Венечка многое мог бы порассказать, но промолчал. Вместо
этого он решил поразмыслить, не зря в их маленькой мошеннической организации он
был единственной думающей единицей. Он мигом сообразил, что единственным, к
чему они вместе с Милкой прикасались за последние несколько часов, были деньги
той странной старухи в фетровой шляпке. Да, но у Милки еще и лицо поражено… Ну
конечно, осенило Венечку, эта дура все время хваталась за голову, ведь старуха
треснула ее сумкой! И это его тогда не насторожило, как и то, что старая карга
была в перчатках… Нет, чтобы задуматься, отчего это слабосильная старуха так
сумела треснуть молодую бабу, что у той чуть сотрясение мозга не получилось.
Кирпич у нее в сумочке наверное был…
Кстати, наверняка будут еще случаи – Александра Ивановна,
Колян со своей шваброй…
– Лечение будет долгим, – предупредил врач, –
полного выздоровления не гарантирую.
Венечка скрипнул зубами. Однако его грела единственная
мысль: тот рыжий мент Анатолий тоже взял деньги голыми руками.
* * *
Город Луга на первый взгляд выглядел так, как будто за
последние двадцать лет в стране ровным счетом ничего не изменилось. На площади
перед вокзалом кашляли астматическими моторами несколько львовских автобусов
образца тысяча девятьсот шестидесятого года, между ними суетливо носились с
мешками и котомками озабоченные деревенские старухи.

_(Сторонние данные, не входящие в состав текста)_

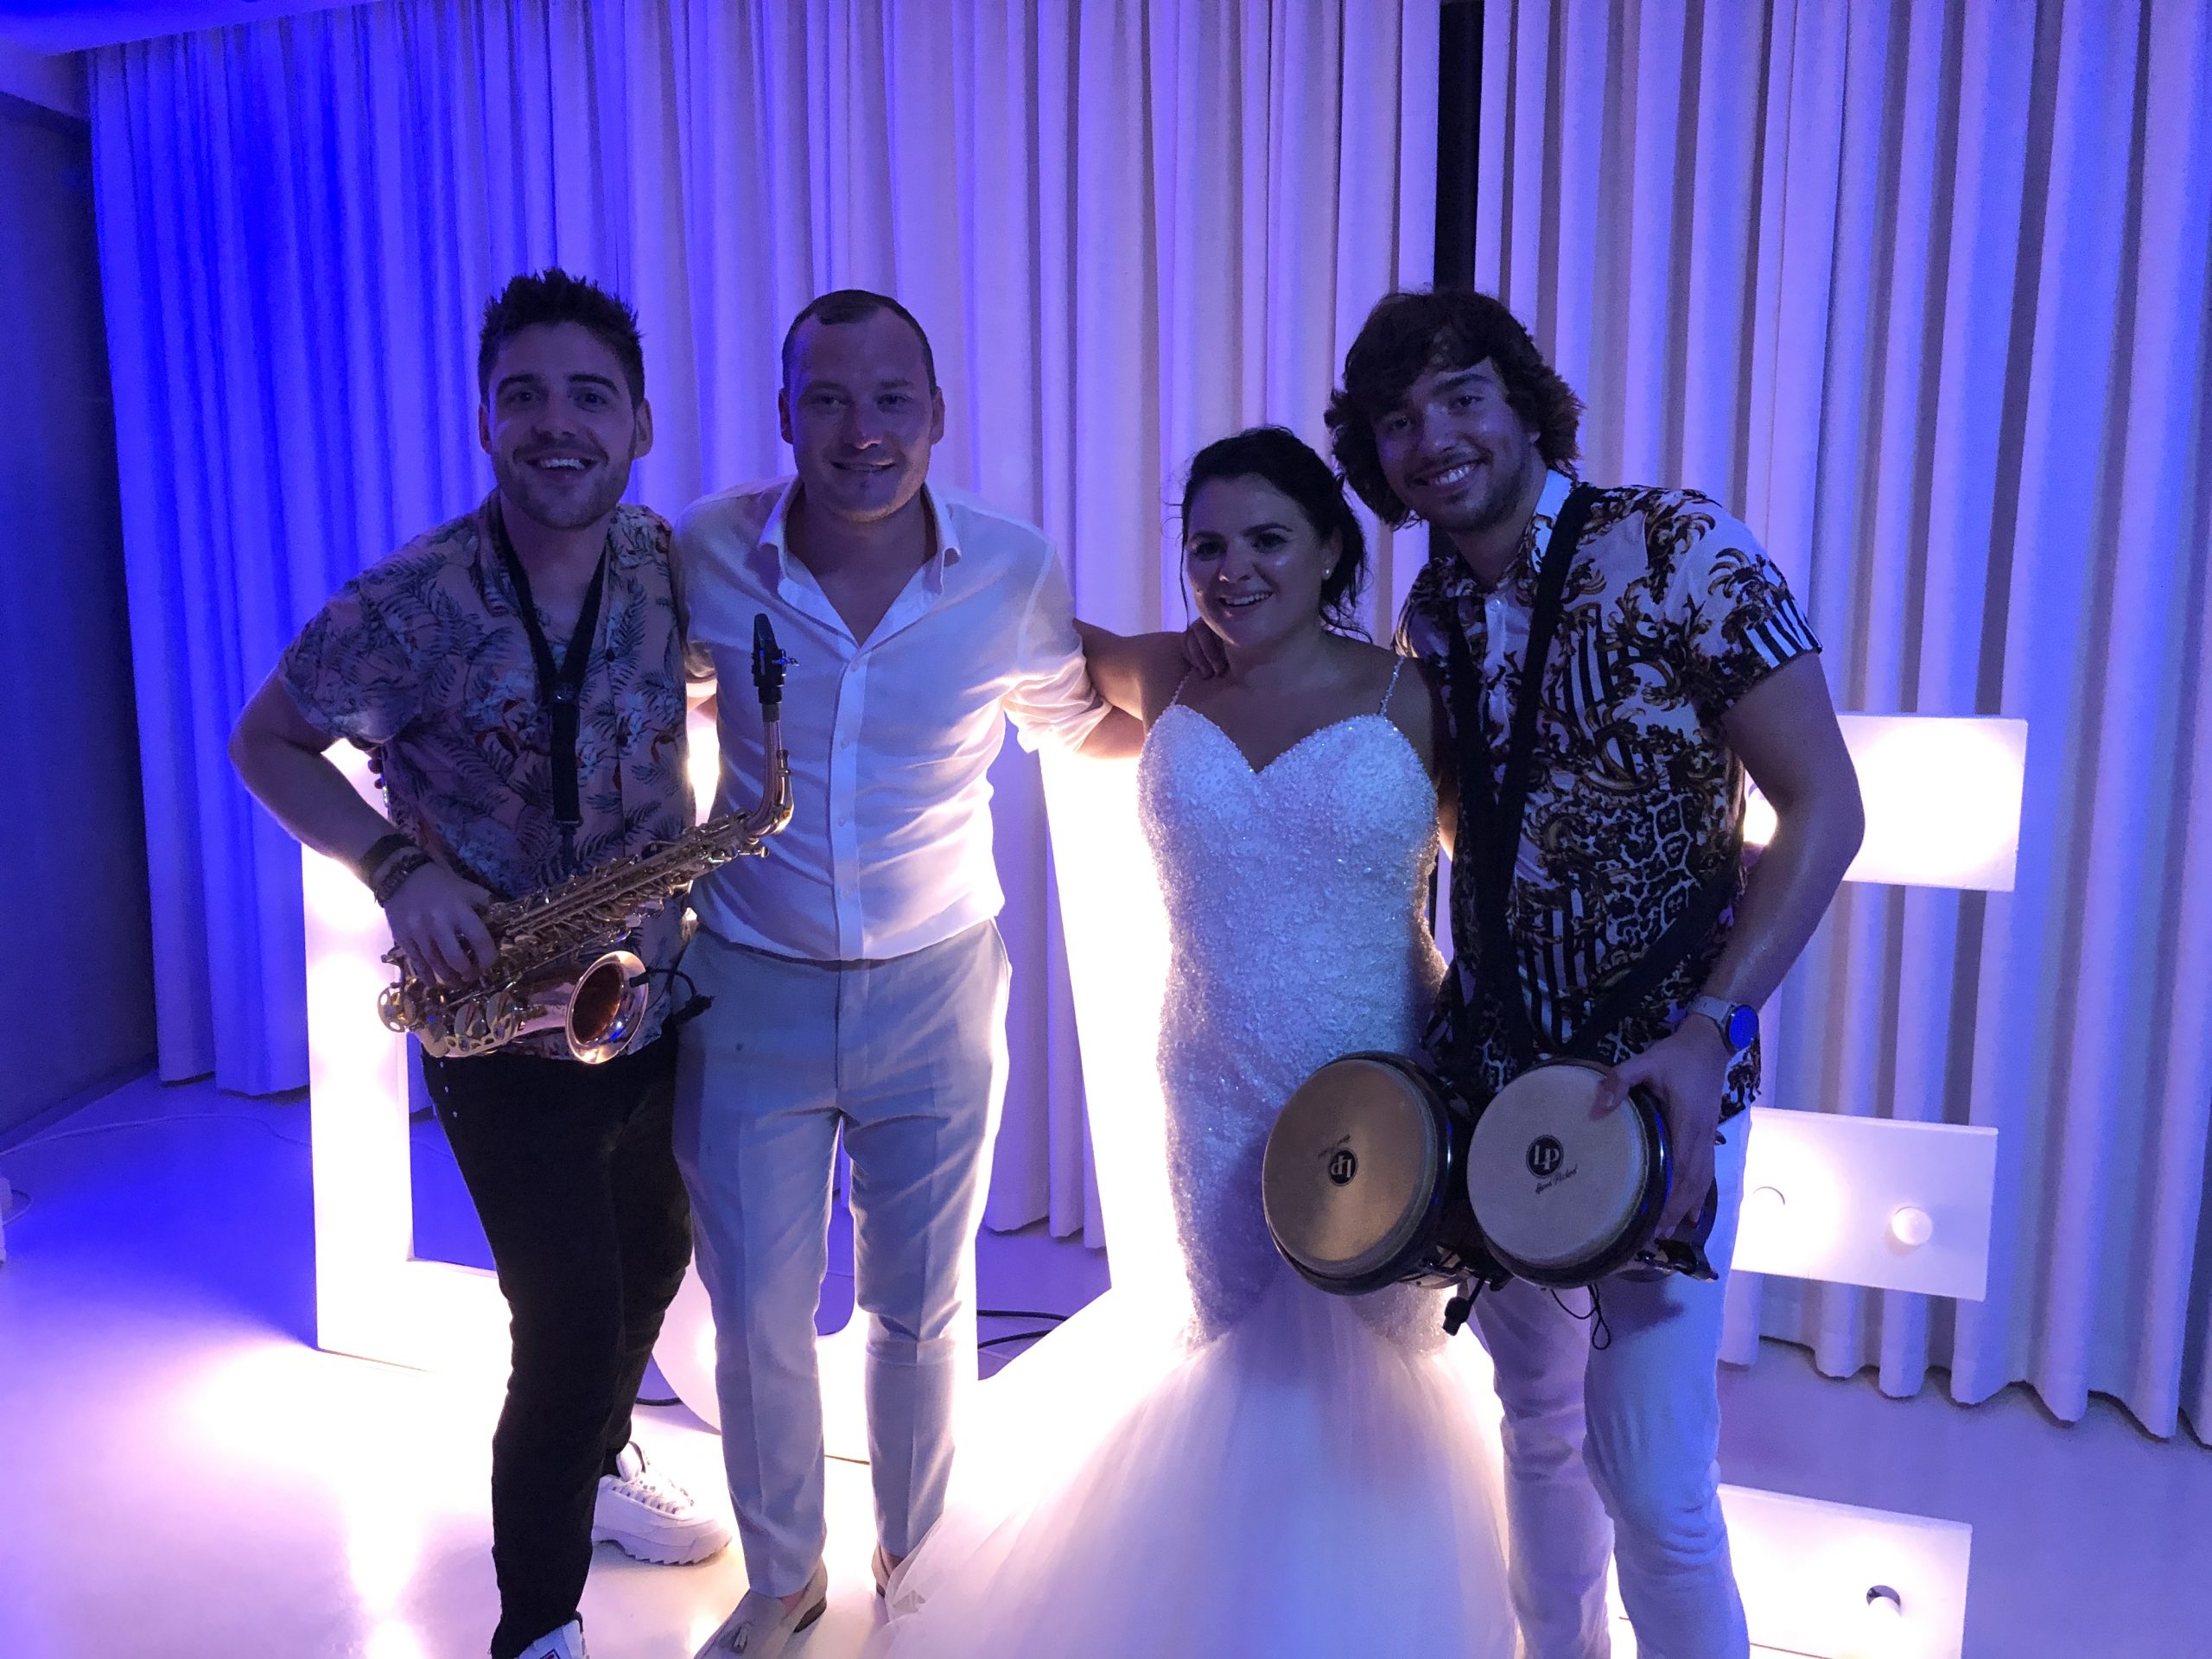 Ibiza wedding saxophone and bongo player at 7pines Ibiza.

Как водится, собирал
бутылки красноносый алкаш неопределенного возраста, на краю площади торговала
пирожками монументальная крашеная блондинка по имени Люся, на самой середине
красовалась непросыхающая лужа, напоминающая формой и размерами одно из
американских Великих озер. В сквере на противоположном конце площади высилась
статуя неизвестного науке героя, выкрашенная кладбищенской бронзовой краской.
Однако, едва Леня сделал это наблюдение, из-за бронзовой
статуи выехал забрызганный грязью джип, остановился перед Люсиным лотком, и
наружу выбрались трое братков с бритыми свиными загривками. Все встало на свои
места. Единственное, что отличало местных братков от городских, это то, что они
набрали у Люси жареных пирожков с мясом за неимением в ближайших окрестностях
суши-бара.
Маркиз тоже вышел из машины. Не то чтобы он соблазнился
жареными пирожками, подобный деликатес эпохи развитого социализма мог вступить
с его организмом в непримиримые противоречия. Леня всего лишь направился к
автобусному вокзалу, на стене которого была вывешена крупномасштабная карта
Лужского района.
Отыскав на этой карте деревню Петровская Горка, название
которой было написано самым мелким шрифтом, Леня купил бутылку «пепси-колы»
(еще одна примета времени) и вернулся в машину.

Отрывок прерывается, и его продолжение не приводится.